Sites arginylated in cardiac and skeletal myofibrils
| Gene Symbol | Muscle Type | Accession No. | Name | Arginylated Site(s) |
|---|---|---|---|---|
| Acta1 | Skeletal | NP_033736.1 | Actin-α, skeletal muscle | E74 |
| Actn3 | Skeletal | NP_038484.1 | α-Actinin-3 | D456, D462, D465 |
| Ckm | Skeletal | NP_031736.1 | Creatine kinase M-type | D326, D335 |
| Capzb | Skeletal | NP_001032850.1 | F-actin-capping protein subunit β isoform a | E22 |
| Myh2 | Skeletal | NP_001034634.2 | Myosin heavy chain IIa | E1169 |
| Myh4 | Skeletal | NP_034985.2 | Myosin heavy chain 4 | E887, E1005, E1012, E1166, E1500 |
| Myh7 | Skeletal | NP_542766.1 | ||
| Mybpc2 | Skeletal | NP_666301.2 | Myosin-binding protein C, fast-type isoform 2 | E162 |
| Tnnt3 | Skeletal | NP_001157138.1 | Troponin T | D63, D72 |
| Usp21 | Skeletal | NP_038947.2 | Ubiquitin carboxyl-terminal hydrolase 21 | D439 |
| Actn2 | Cardiac | NP_150371.4 | α-Actinin-2 | L510 |
| Fbn1 | Cardiac | NP_032019.2 | Fibrillin 1 | E640‡, Q671, L1266†, E1794† |
| Lamc1 | Cardiac | NP_034813.2 | Laminin γ1 | E803† |
| Myh6 | Cardiac | NP_034986.1 | Myosin heavy chain 6 | L747*, K999*, L1001*‡, V1027*, L1486*, Q1534, L1578†, N1647 |
| Myl3 | Cardiac | NP_034989.1 | Myosin light chain 3 | A20, T81‡, M117 |
| Ttn | Cardiac | NP_082280.2 | Titin N2B | L7960, V15013, C24818† |
| Tpm1 | Cardiac | NP_077745.2 | Tropomyosin α-1 | L50, K77 |
| Tnnt2 | Cardiac | NP_001123650.1 | Cardiac troponin T2 | A184 |
Also found arginylated in myosin heavy polypeptide 7 (Myh7; NP_542766.1; L745, K997, L999, V1025, L1484, and L1576);
Found as monomethylated arginine;
Found as dimethylated arginine.
MECHANISMS OF CONTRACTION AND ARGINYLATION OF SARCOMERE PROTEINS
The mechanisms of muscle contraction have been gradually elucidated through data collected from structural (44, 45), biochemical (36), and mechanical (14, 15) studies. It is well accepted that muscle contraction is driven by cyclical interactions of the molecular motor myosin II with actin filaments in the sarcomere, a mechanical process coupled to the energy released from the breakdown of ATP. After the initial attachment between myosin and actin, phosphate is released, starting the so-called “power stroke,” responsible for force generation and actin sliding. ADP is subsequently released, establishing the rigor conformation, after which the binding of a new molecule of ATP disrupts the strong interaction between myosin and actin. The MHC in the myosin molecule is the main structure responsible for linking the chemical energy released from ATP and the mechanical work produced during myosin-actin interactions. The myosin light chains function as lever arms for the changes in myosin configurations that happen during the myosin-actin cycle.
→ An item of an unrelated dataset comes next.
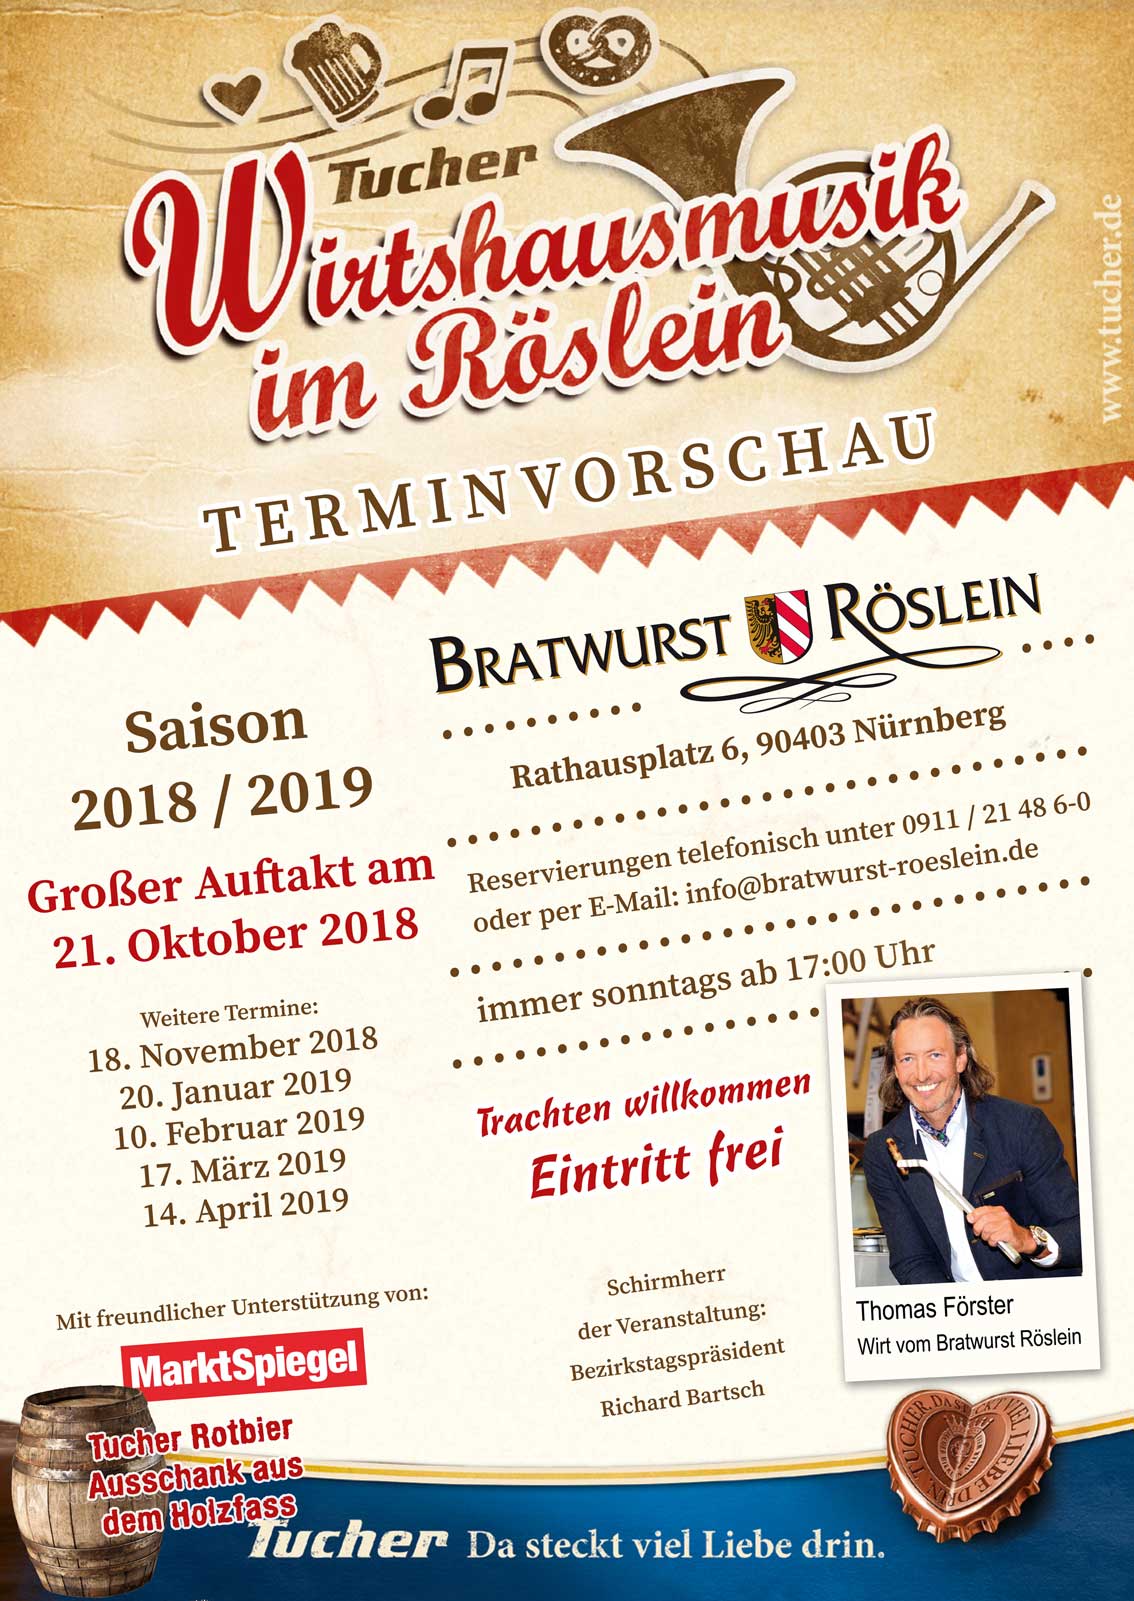 Wirtshausmusik 2018/2019: "Hammerbachtaler Blous´n"

At the sarcomere level, muscle contraction is further regulated by tropomyosin (Tm) and troponin (Tn). Biochemical and structural studies show that myosin’s interaction with actin thin filament is graded as three possible states: blocked, closed, and open (e.g., 32, 37, 57). In the absence of Ca2+, Tm prevents myosin from binding to actin by occupying the blocked state. Upon Ca2+ binding to Tn, the equilibrium position of Tm shifts toward the closed state, exposing actin sites that allow weak binding of myosin. Then myosin transits from the weak to the strong binding state, which shifts the equilibrium position of Tm further toward the open state. This shift permits cooperative binding of additional myosin heads by exposing neighboring actin-binding sites.
Besides the active force in response to muscle activation, sarcomeres also produce passive forces when they are stretched into long sarcomeres, a mechanism that stabilizes the muscle myofibrils and increases their stiffness, essential for the long-term maintenance of muscle integrity. These passive forces are produced by titin, a springlike molecule that will also maintain the A band in the center of the sarcomere upon muscle activation (7, 9).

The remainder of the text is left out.